In that time, it might be a good idea to start figuring out how to fight back against these rate hikes. Inflation may be down year over year, but those prices are still up from 2021 levels. So, there really isn’t much give when it comes to creating cash.

That is, unless you start investing.

How investing helps

If the interest rate is currently at 5%, finding passive income and fixed income can be a lifesaver for your wallet. That’s even if you pick a stock that right now isn’t doing so great but should certainly turn around once rate hikes come to an end.

For example, the real estate sector has long been a great place to invest for passive income. Yet with the housing industry in turmoil, high inflation causing less consumption, and high interest rates leading to lower lease renewals, many Canadians have seen their shares drop in this sector.
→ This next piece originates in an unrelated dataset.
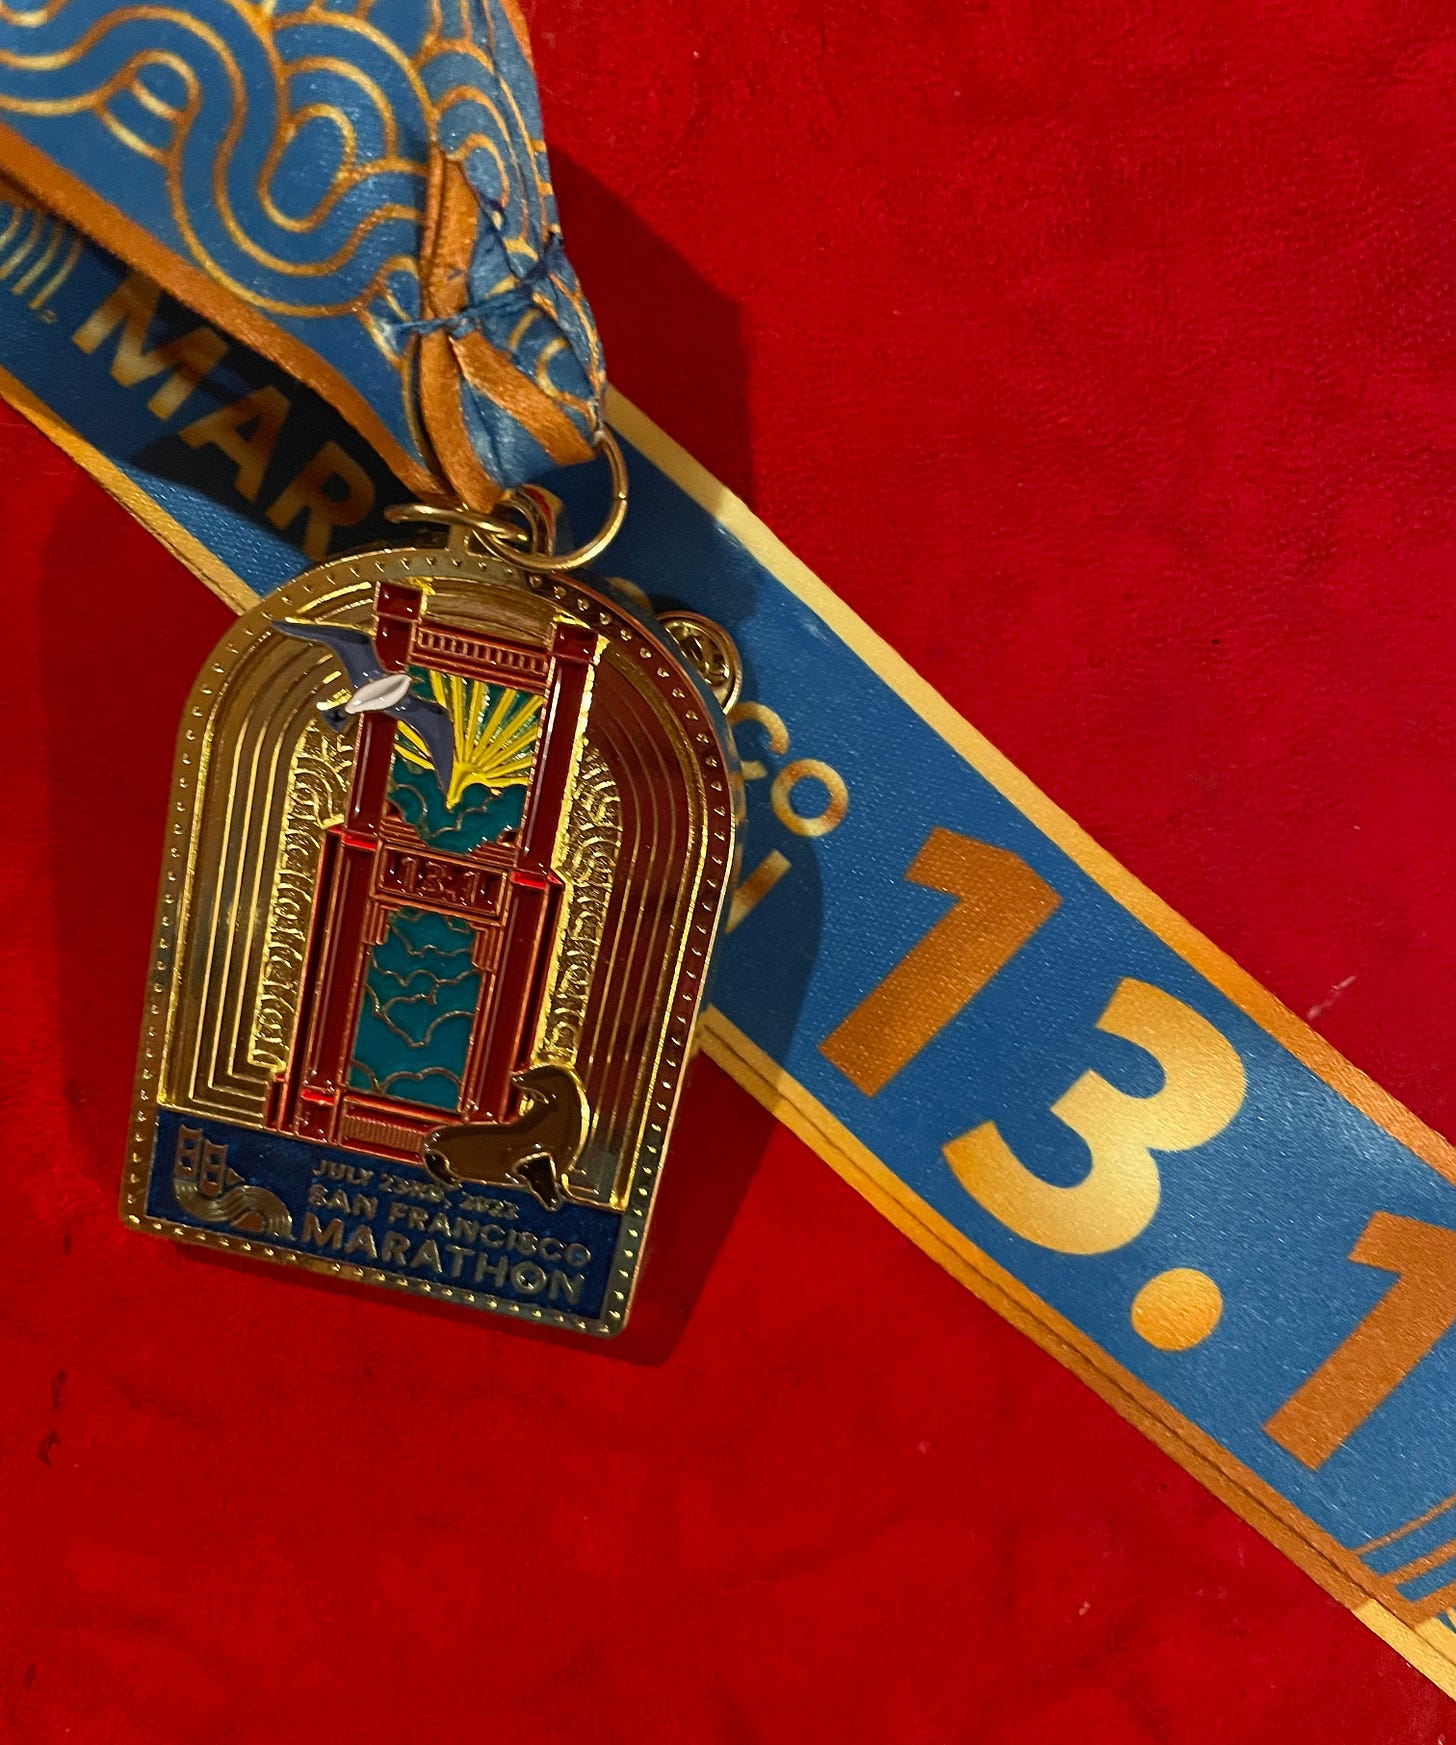 San Francisco 2023 Half Marathon medal

However, the drop has brought about higher dividend yields in the process. These yields can help you battle back interest rates if you’re able to find yields far higher than normal. Today, we’re going to look at an example.

Choice Properties REIT

Let’s say you’re an investor interested in buying a real estate investment trust (REIT). A great option in the past has been Choice Properties REIT (TSX:CHP.UN). The company has a large portfolio — one of the largest in Canada. Its assets include a variety of real estate properties, including residential, essential, and work related. Moreover, many of these are mixed-use properties, with residents able to live, shop and even work in the same building.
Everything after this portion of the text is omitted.